ITEM 1.      PLAN INFORMATION.

                We will send or provide to plan participants, as specified by
Rule 428(b)(1) under the Securities Act of 1933, as amended, the documents
containing the information required by Part I of Form S-8. Those documents are
not required to be filed, and we have not filed those documents, with the
Securities and Exchange Commission (the "Commission") either as part of this
Registration Statement or as prospectuses or prospectus supplements pursuant to
Rule 424 under the Securities Act. Those documents and the documents
incorporated by reference in this Registration Statement pursuant to Item 3 of
Part II of this Form S-8, taken together, constitute a prospectus that meets the
requirements of Section 10(a) of the Securities Act.
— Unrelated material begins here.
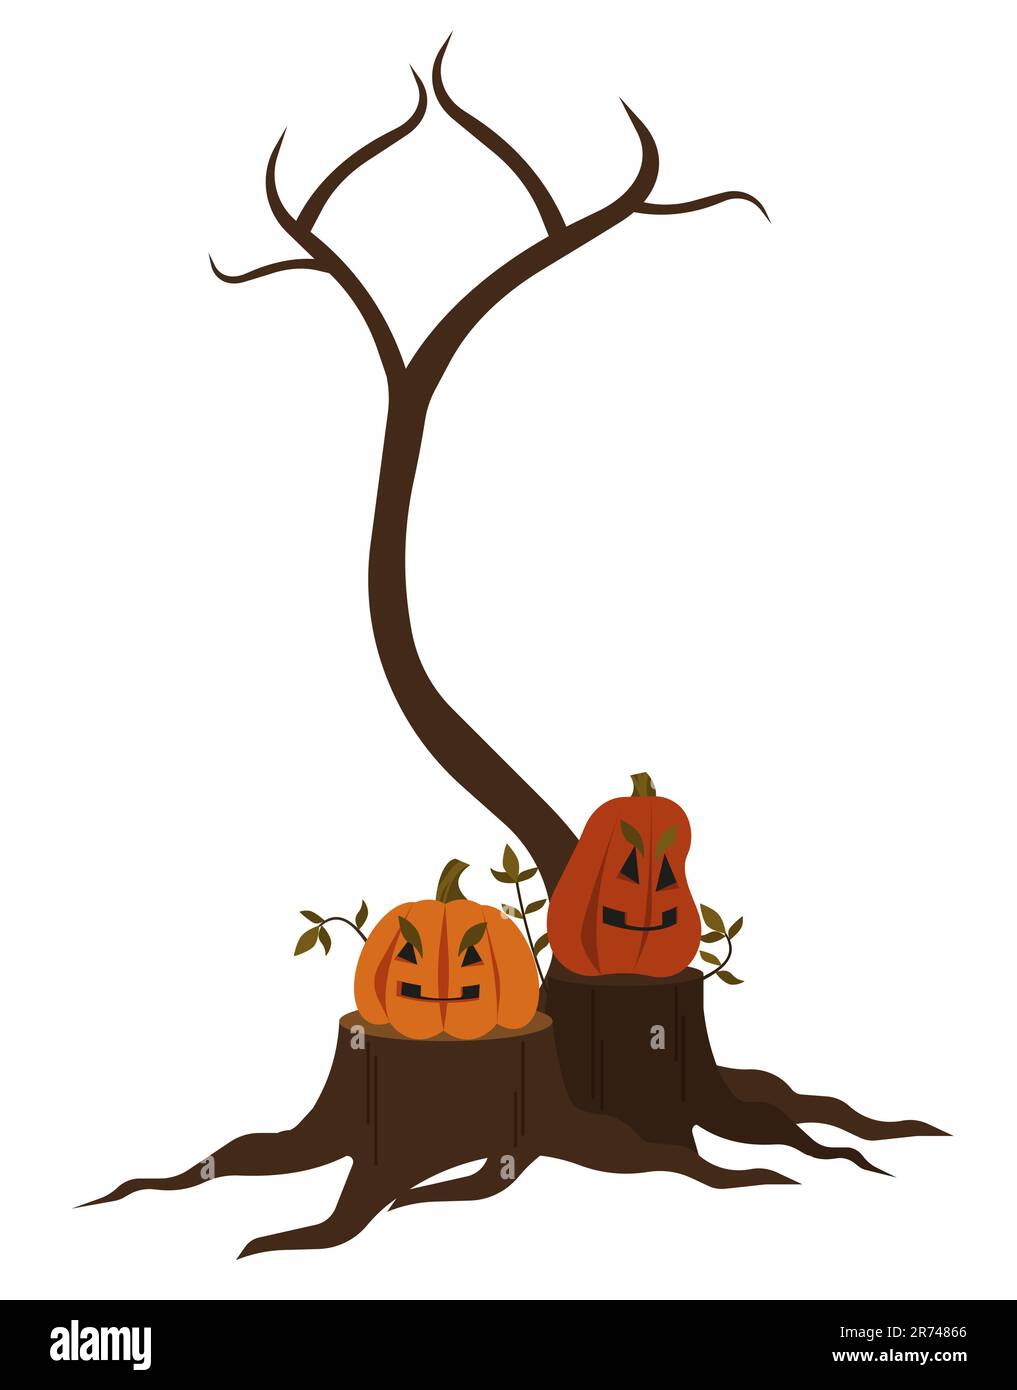 Kürbisse auf Stümpfen, Herbstbaum ohne Blätter. Isoliertes halloween-Objekt auf weißem Hintergrund. Vektordarstellung der flachen Konstruktion. Stock Vektor

ITEM 2.      REGISTRANT INFORMATION AND EMPLOYEE PLAN ANNUAL INFORMATION.

                We will provide without charge, upon written or oral request,
any of the documents incorporated by reference in Item 3 of Part II of this
Registration Statement (which documents are incorporated by reference in this
Section 10(a) Prospectus). We will also provide, without charge, upon written or
oral request, other documents required to be delivered to eligible employees
pursuant to Rule 428(b) or additional information about the Seabulk
International, Inc. Amended and Restated Equity Ownership Plan and the Seabulk
International, Inc. Stock Option Plan for Directors and the Plans'
administrators. If you would like any of those documents or information, please
contact:

                              SEACOR Holdings Inc.
                               INVESTOR RELATIONST
                           460 Park Avenue, 12th Floor
                               New York, NY 10022
                                 (212) 307-6633





                                     PART II

               INFORMATION REQUIRED IN THE REGISTRATION STATEMENT

ITEM 3.      INCORPORATION OF DOCUMENTS BY REFERENCE.

                The following documents filed with the Commission by the
Registrant (File No. 1-12289) are incorporated herein by reference:

                (i) the Registrant's Annual Report on Form 10-K for the fiscal
year ended December 31, 2004;

                (ii) the amendment to the Registrant's Annual Report for the
fiscal year ended December 31, 2004 filed on Form 10-K/A with the Commission on
April 13, 2005;

                (iii) the Registrant's Quarterly Report on Form 10-Q for the
quarterly period ended March 31, 2005; 

                (iv) the Registrant's Current Reports on Form 8-K filed with the
Commission on January 5, February 8, March 3, March 14, March 17, March 25,
April 22, May 6, May 9, May 9, June 2, June 16, June 27, and July 1, 2005; and

                (v) the description of the Registrant's Common Stock contained
in the Registrant's Registration Statements on Form 8-A filed with the
Commission, pursuant to Section 12 of the Securities Exchange Act of 1934, as
amended (the "Exchange Act"), on November 30, 1992 and October 9, 1996,
including any amendment or report filed for the purposes of updating such
description.

                All documents subsequently filed by the Registrant with the
Commission pursuant to Sections 13(a), 13(c), 14 and 15(d) of the Exchange Act,
prior to the filing of a post-effective amendment to this Registration Statement
which indicates that all securities offered have been sold or which deregisters
all securities then remaining unsold, shall be deemed to be incorporated by
reference in this Registration Statement and to be a part hereof from the date
of filing of such documents. Unless expressly incorporated into this
Registration Statement, a report (or portion thereof) furnished on Form 8-K
shall not be incorporated by reference into this Registration Statement. Any
statement contained herein or in a document incorporated or deemed to be
incorporated by reference herein shall be deemed to be modified or superseded
for purposes of this Registration Statement to the extent that a statement
contained herein or in any subsequently filed document which also is or is
deemed to be incorporated by reference herein modifies or supercedes such
statement. Any statement so modified or superseded shall not be deemed, except
as so modified or superseded, to constitute a part of this Registration
Statement. Copies of these documents are not required to be filed with this
Registration Statement.

ITEM 4.      DESCRIPTION OF SECURITIES.

                Not applicable.

ITEM 5.      INTERESTS OF NAMED EXPERTS AND COUNSEL.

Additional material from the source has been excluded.